Change in Mindset Among Executives

Jan Wendenburg said, "In many of these market segments, cybersecurity has primarily been about protecting one's own company against attacks rather than protecting products against cyberattacks." He acknowledges that a change in mindset among executives has begun, but he notes that it will naturally take time. At the same time, he emphasizes the far-reaching consequences if companies do not prioritize the Cyber Resilience Act (CRA). "Networked devices, machines, and systems that do not meet CRA requirements will no longer be permitted for sale or operation in the EU. Given development times of two to three years, it is imperative to act with the utmost urgency."

Violations of the EU regulation may result in fines of up to €15 million or 2.5% of a company's annual global turnover, whichever is greater. Additionally, the board of directors, management, and/or other responsible parties may face personal liability.

According to ONEKEY CEO Jan Wendenburg, "The CRA obligations apply not only to manufacturers and distributors of connected digital products, but also to any company that operates such devices. Therefore, a company that uses non-CRA-compliant devices, machines, or systems is also affected.”

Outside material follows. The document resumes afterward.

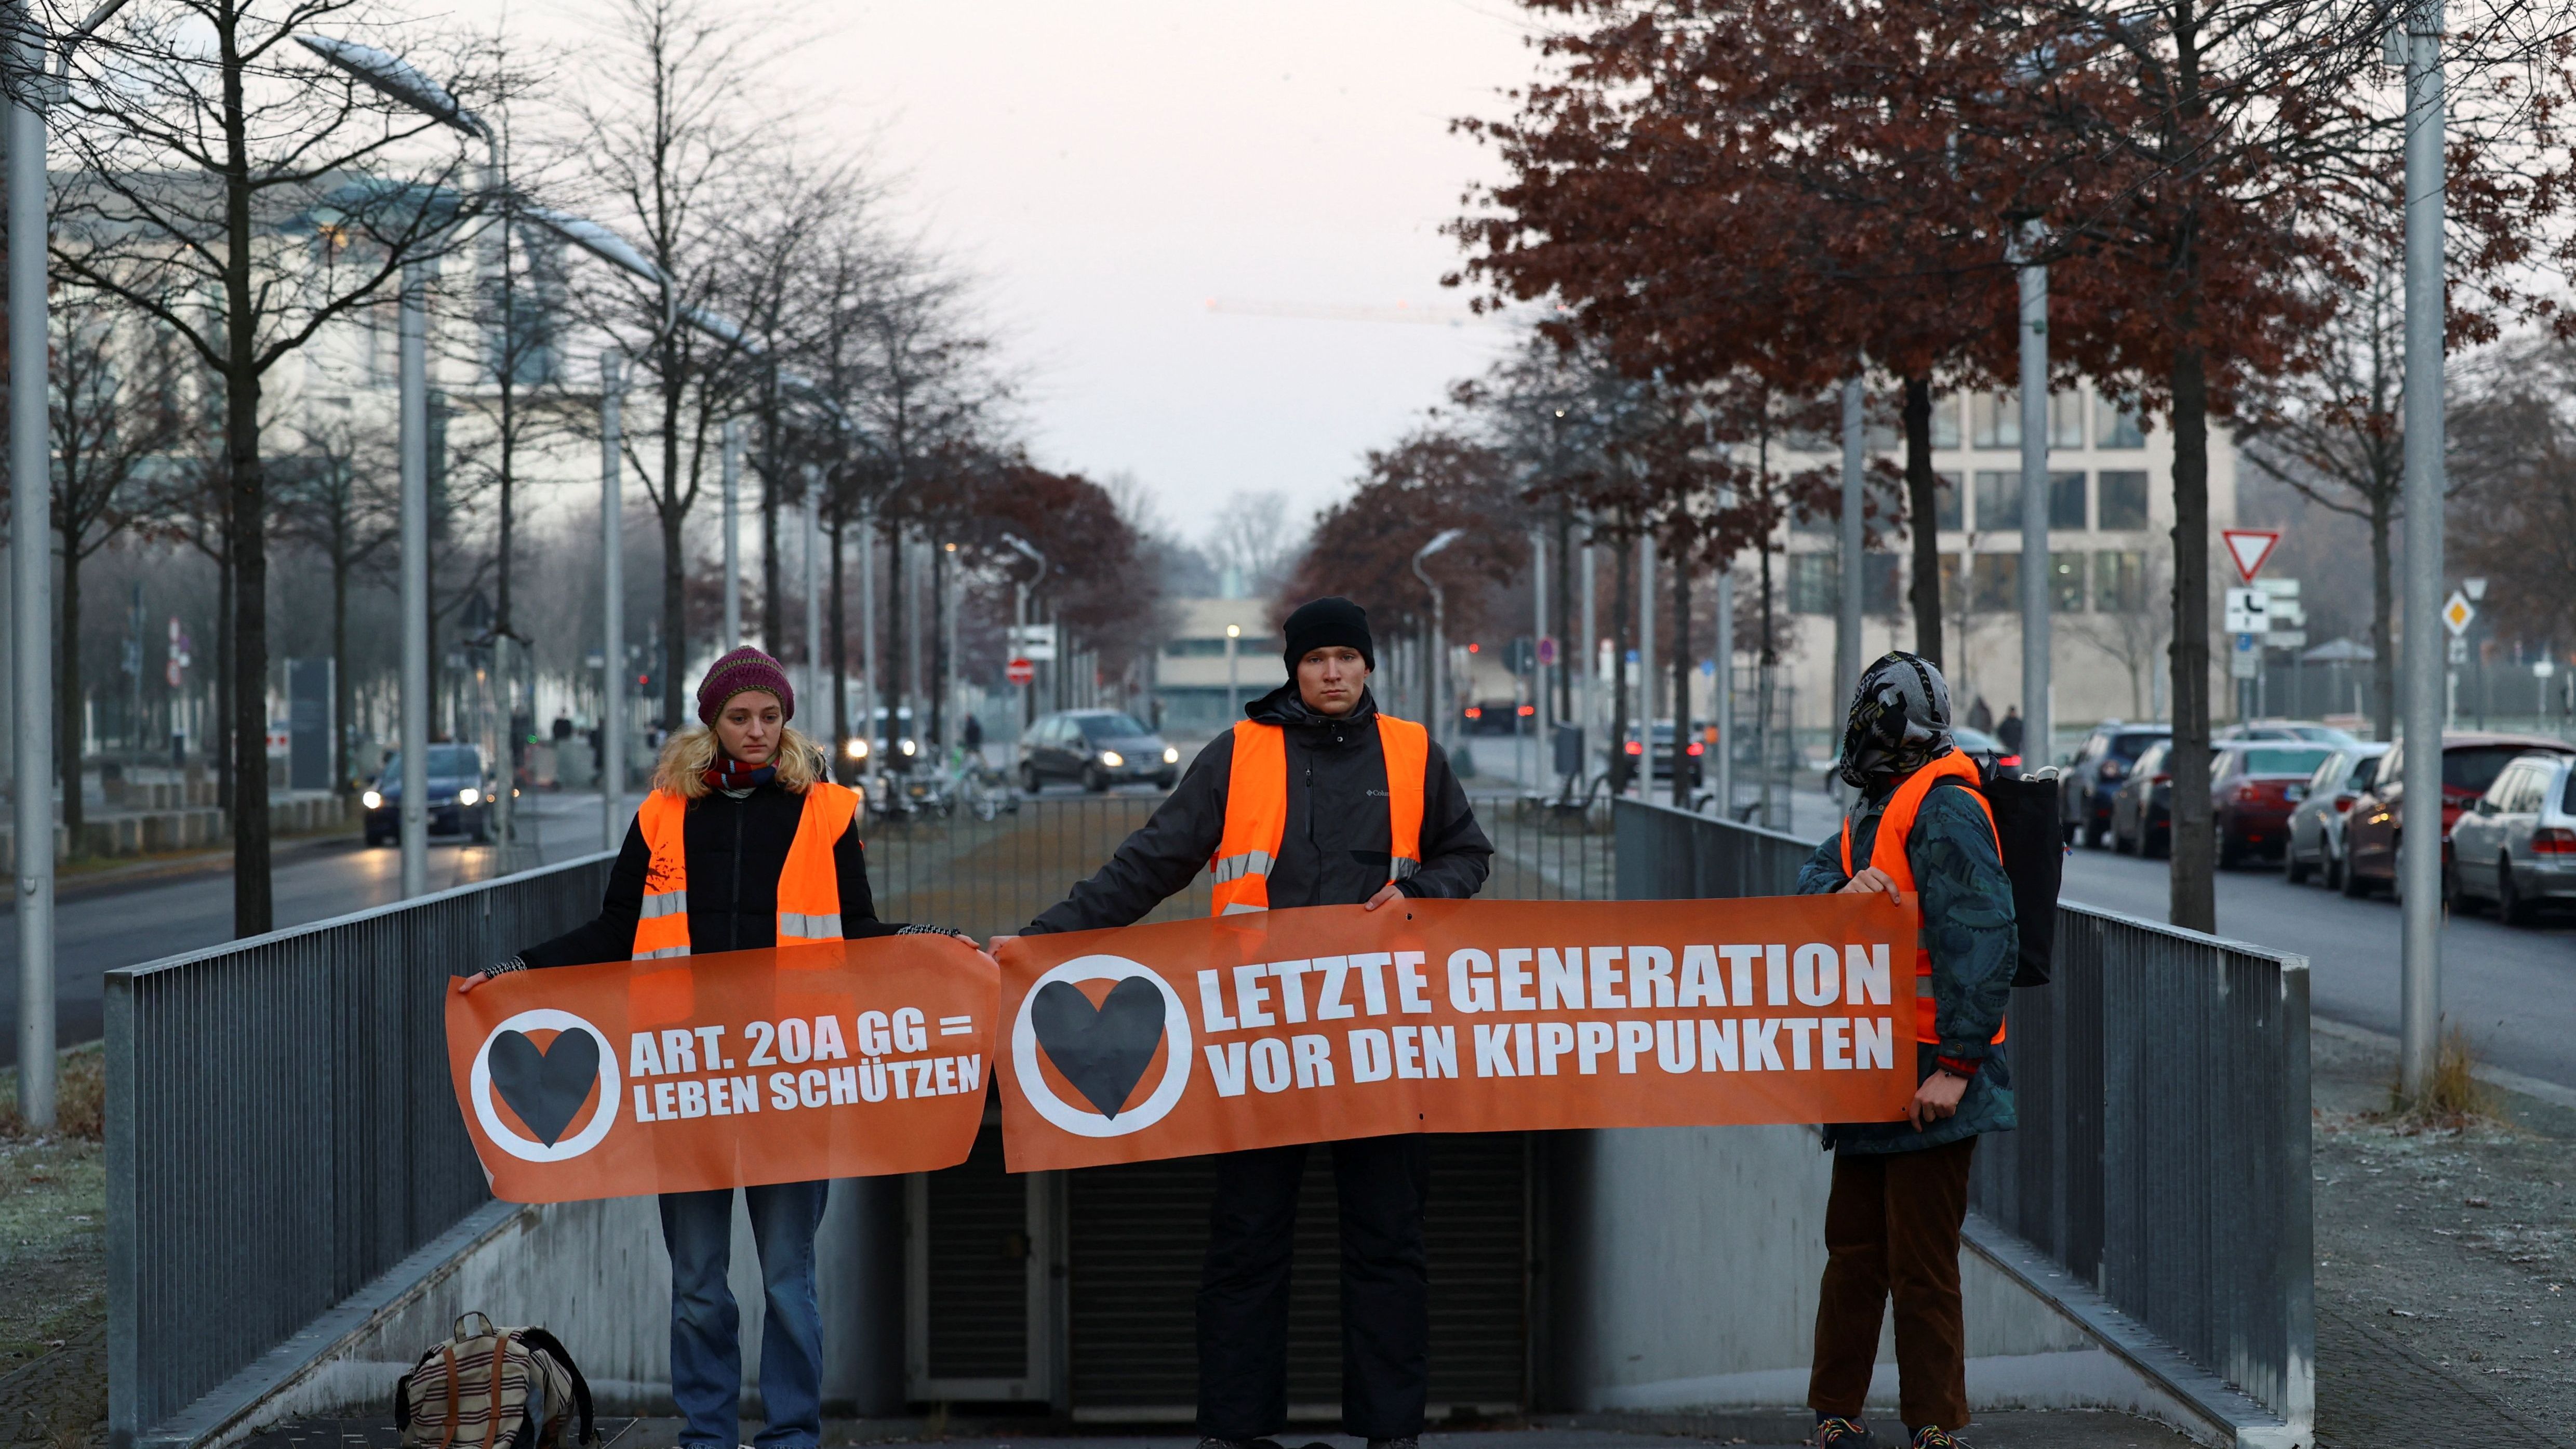 Die "Letzte Generation" gründete sich 2021. Damals begann eine siebenköpfige Gruppe am 30. August einen Hungerstreik im Berliner Regierungsviertel.

The Security Situation Is Alarming, Yet OT Is Being Neglected

In order to protect themselves and their customers from the growing threat of cybercrime and to comply with regulatory requirements, companies must adhere to the CRA. The Federal Office for

Information Security (BSI) and the Federal Criminal Police Office (BKA) anticipate that the threat will continue to escalate in the coming years. In 2024 alone, cybercrime caused an estimated €178.6 billion in total damage in Germany, marking a €30.4 billion increase from the previous year.

Jan Wendenburg said, "Many companies focus on protecting computer systems and networks, but industrial control systems in machines and plants often receive too little attention when it comes to security issues." However, given the digital transformation of industrial processes, cyber threats on the shop floor are steadily increasing. Therefore, factories and logistics centers must apply the same high security standards as data centers.

ONEKEY has developed a platform that supports core Internet of Things (IoT) and operational technology (OT) cybersecurity functions, including vulnerability detection, software bill of materials (SBOM) validation, and regulatory compliance, for companies.